The one figure I always see fall off a cliff after a night of drinking — other than amount of hours spent in bed — is my heart rate variability. HRV is a tricky stat, which is best monitored against your own trends and not against those of other people, but know that it drops as we age, and overall, a higher HRV is a surefire predictor for good fitness. Here’s WHOOP’s definition: “When you have high heart rate variability, it means that your body is responsive to both sets of inputs (parasympathetic and sympathetic). This is a sign that your nervous system is balanced, and that your body is very capable of adapting to its environment and performing at its best.”
It’s a precise demonstration of your body’s physiological reaction to stress. Bodies with high HRV respond in a dynamic way to their environment, knowing when to work hard and when to take the foot off the pedal. Whenever I drink, my HRV turns ugly. It was 127 after the “good” night. It was just 61 after the “bad” night. That’s a preposterous disparity — and it probably speaks to just how much I had to drink for the “bad” night. But consider this: on average, HRV drops by 7ms for WHOOP users after a night of drinking. And one drink counts as “drinking” here. The same criteria corresponds to a 8% decrease in recovery percentage.
WHOOP has other data on the relationship between alcohol intake, sleep quality and performance, because of course they do. It ranges from how healthy just two weeks of sobriety can make you, to exactly how long alcohol stays in your system (hangovers can technically last for four full days, believe it or not). The point of this data is not to spook you, or me, or anyone. What it does suggest is that if you have the desire or capability to cut out alcohol, you should absolutely see where that road takes you.
The real purpose is to arm yourself with information. It’s fun to laugh about recovery percentages with a stranger in the bar, as if they aren’t real, but that “fuck it” attitude is the real fabrication.
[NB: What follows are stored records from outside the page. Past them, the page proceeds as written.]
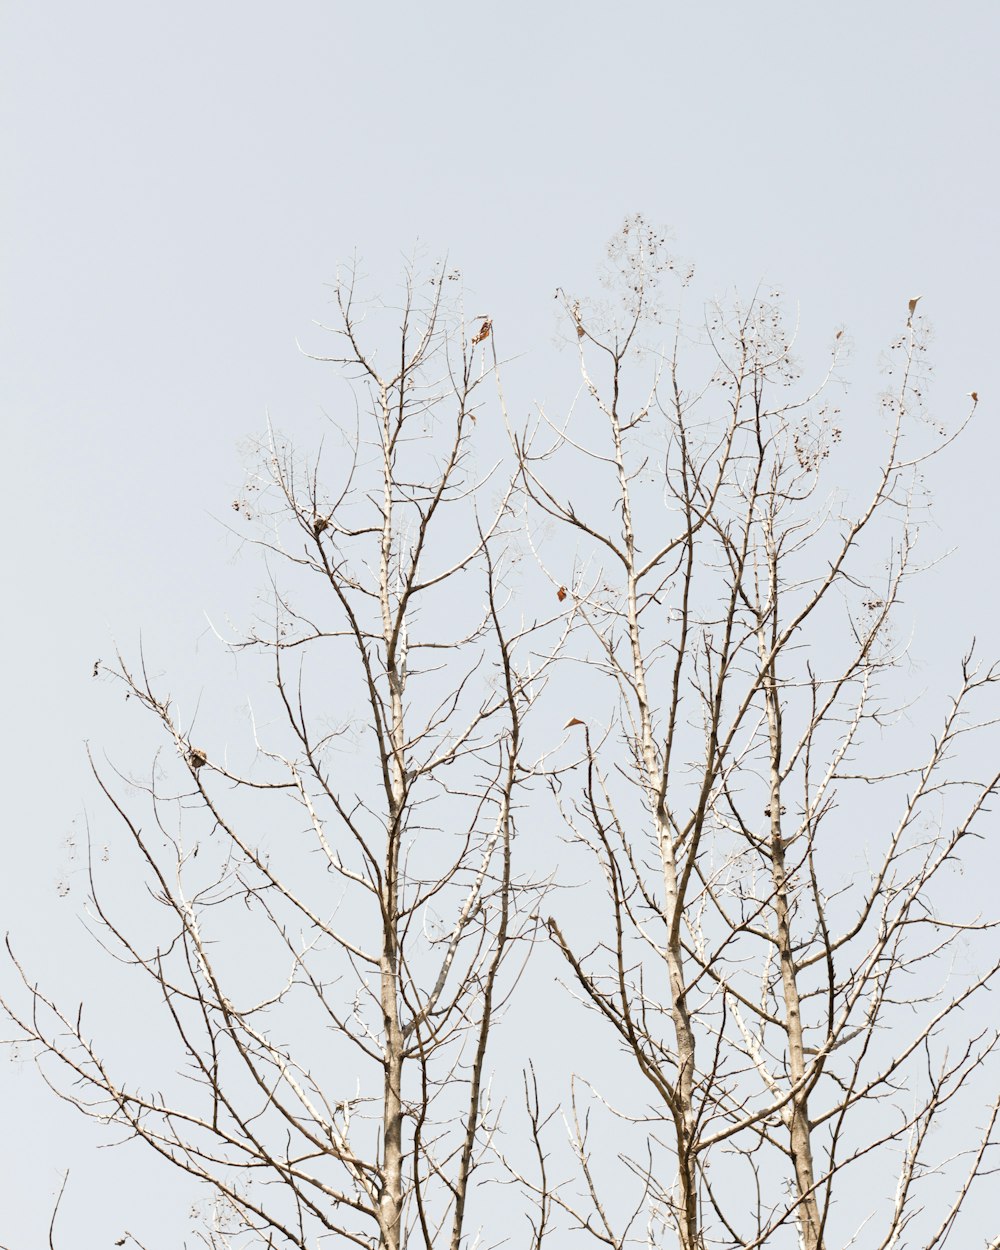 albero senza foglie marrone sotto il cielo bianco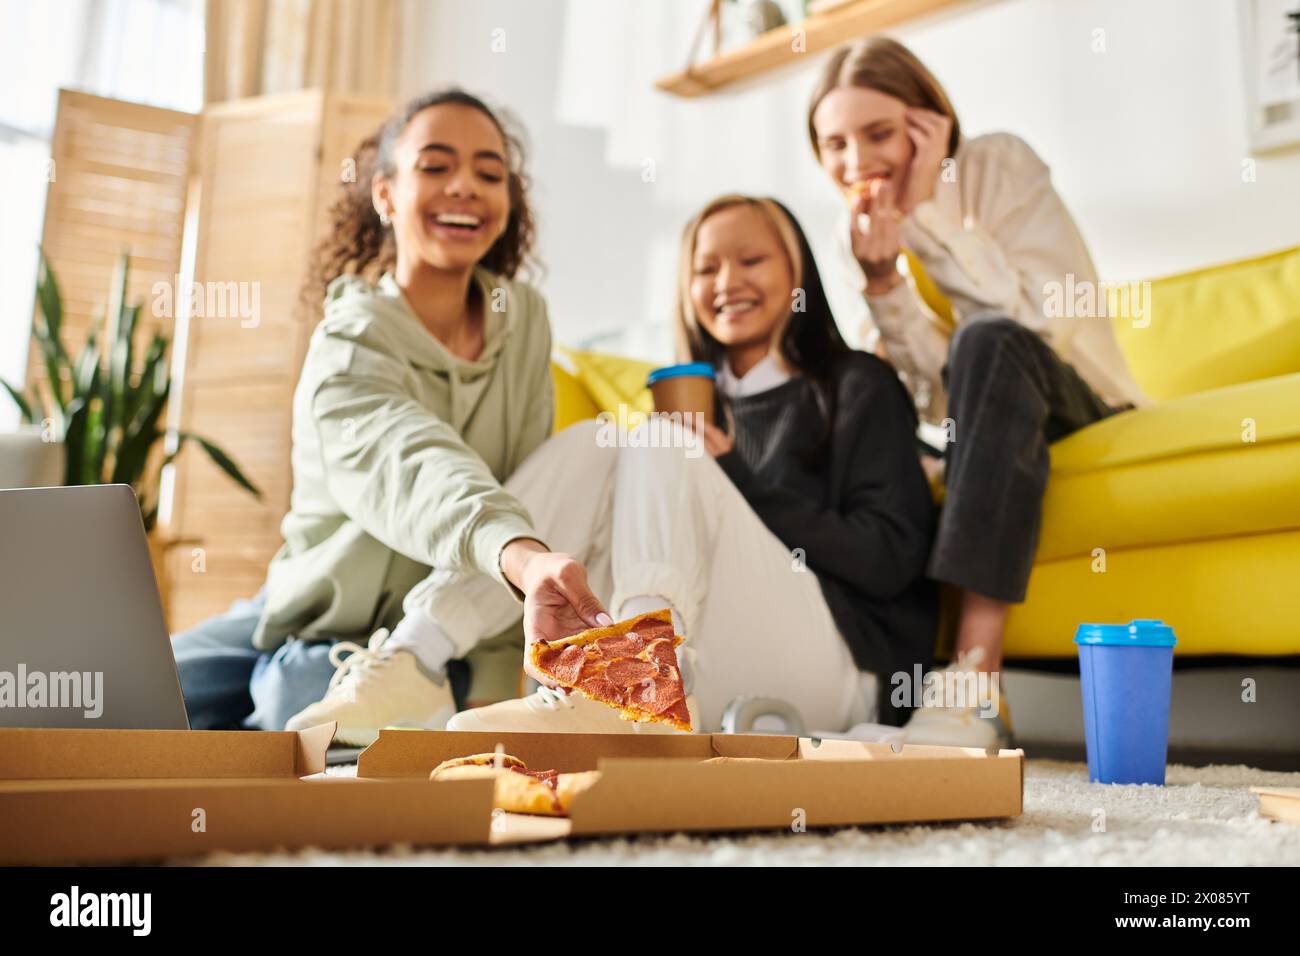 Verschiedene Teenager-Mädchen, die einen zwanglosen Treffpunkt genießen, auf dem Boden sitzen und gemeinsam Pizza-Scheiben genießen. Stockfoto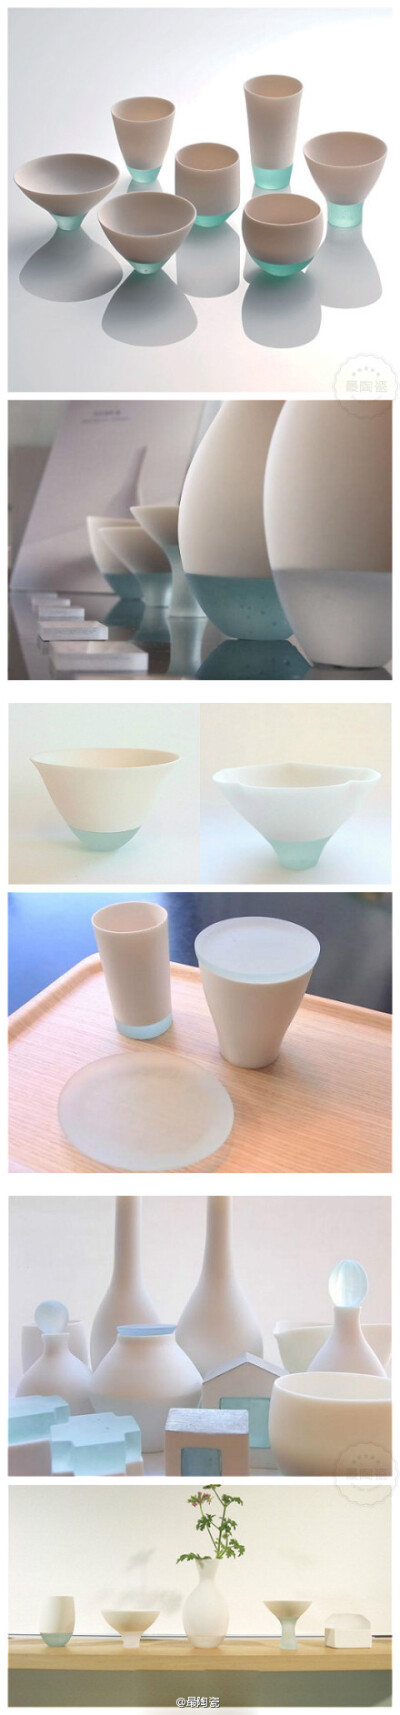 【亮面瓷器&amp;amp;半透明玻璃】田中美佐陶瓷工艺品设计。该系列作品获得日本著名的Takaoka工艺设计比赛2009年的第二名。食器 工業設計 產品設計 設計 中國風

How you feel after a night of drinking is no lie — and thanks to this crazy age we live in, there’s now hard data to quantify it.
In researching this piece I came across a commenter on Reddit who’s been forced to face some hard truths. He wrote: “I’m trying to make a lot of healthier lifestyle changes right now … I’m a pretty heavy drinker, which is something I’d like to change, so for a week I wore WHOOP while keeping my regular drinking each night and then going harder on weekends. Needless to say, my stats are trash. My RHR is super high, HRV is low, recovery is never above 25%, and I’m currently operating at about 45% sleep performance. If this is how my body functions normally, that’s pretty terrible. This has been a huge motivator for me to cut alcohol out of my life and get my stats up.”
His story seemed to strike a chord with others in the subreddit. He titled it “Thankful that WHOOP really shows you what alcohol does to your body.” These might’ve originally been designed with Kevin Durant and Rory McIlroy in mind, but that right there is what it’s all about.
As for me, I’ve learned one other crucial lesson. I’d like to let my WHOOP run out of charge right before a bender, but it’s important to know how depleted my body is. See that little “jumping rope” icon in the “bad” photo? Those were the delusional hops of a hungover man determined to prove he could get 45 minutes of exercise in. It was, without one shred of a doubt, my worst workout of the year.